Partitioning in Azure Cosmos DB

Service Definition

Azure Cosmos DB is a multi-model database service that is distributed globally, massively scalable.

  • Multi-model data with your favorite API
  • Elastically scale storage and throughput
  • Multiple, well-defined consistency levels
  • <10ms latency guarantees at the 99th percentile
  • SLAs leading the industry in terms of performance, latency, availability, and throughput.

System Topology

The Azure Cosmos DB service is deployed throughout the world, including the sovereign (Azure Germany, Microsoft Azure China 21Vianet Group) and government clouds (Azure U.S. government). Microsoft is deploying and managing the Azure Cosmos DB service — available in all Azure regions — on machine stamps, each with specific local SSDs.

The Cosmos DB service is layered on top of Azure Service Fabric, Azure's basic distributed system infrastructure. It uses Service Fabric to name, route, cluster and container management, rolling upgrade coordination, failure detection, leader choice (within a resource partition) and load balancing capabilities.

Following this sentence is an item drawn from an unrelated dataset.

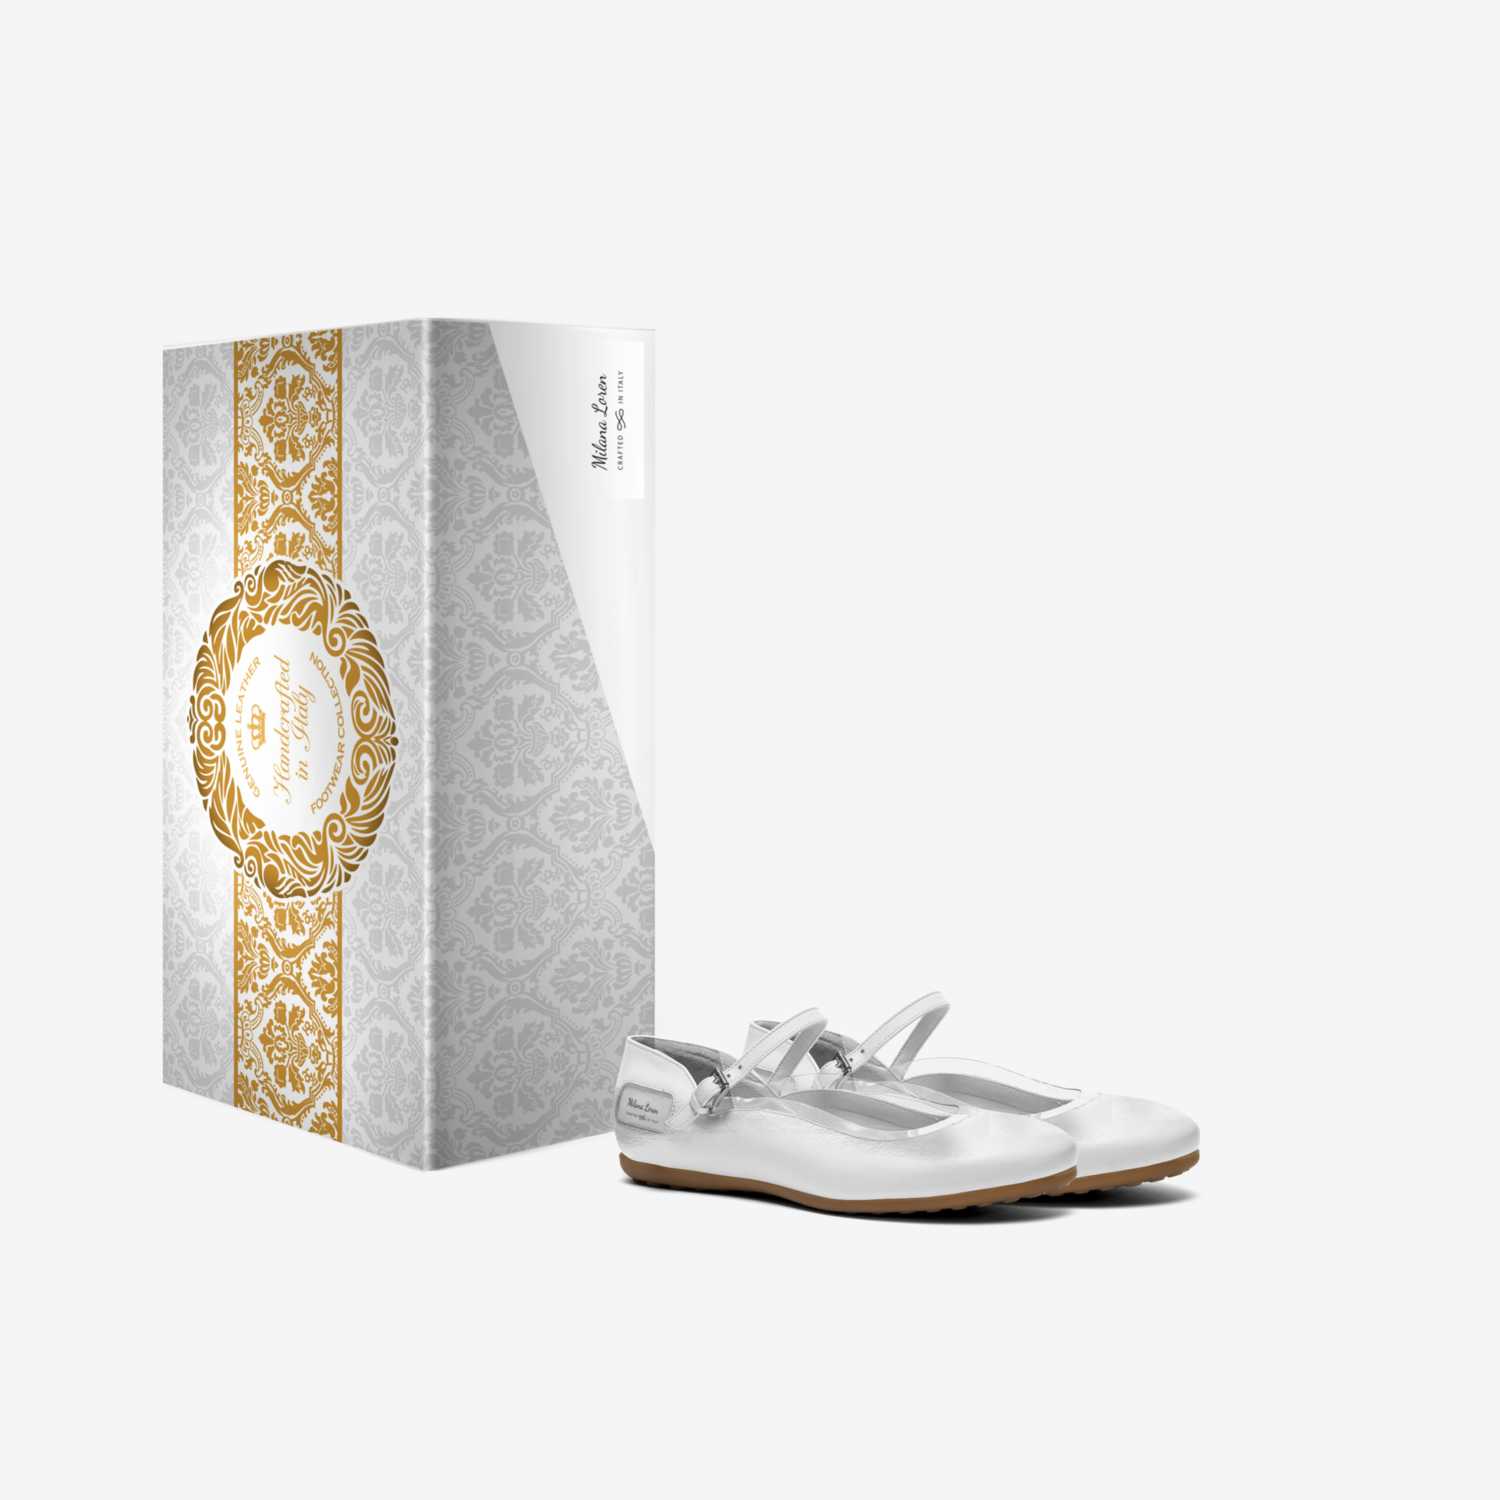 Milana Loren  custom made in Italy shoes by Layla Loren | Box view

Azure Cosmos DB is deployed across one or more Service Fabric clusters, each with multiple hardware generations and a varying number of machines (currently between 60 - 800 machines). Machines typically spread through 10 - 20 fault domains within a cluster. The partitions of the resource are a logical concept. Physically, in terms of a replica group, a resource partition is implemented, called replica sets.

Within a fixed set of processes, each machine hosts replicas corresponding to different resource partitions. Replicas corresponding to the partitions of the resource are placed through these machines and load balanced. Each replica hosts an example of the schema - agnostic database engine from Azure Cosmos DB that manages both the resources and the associated indexes.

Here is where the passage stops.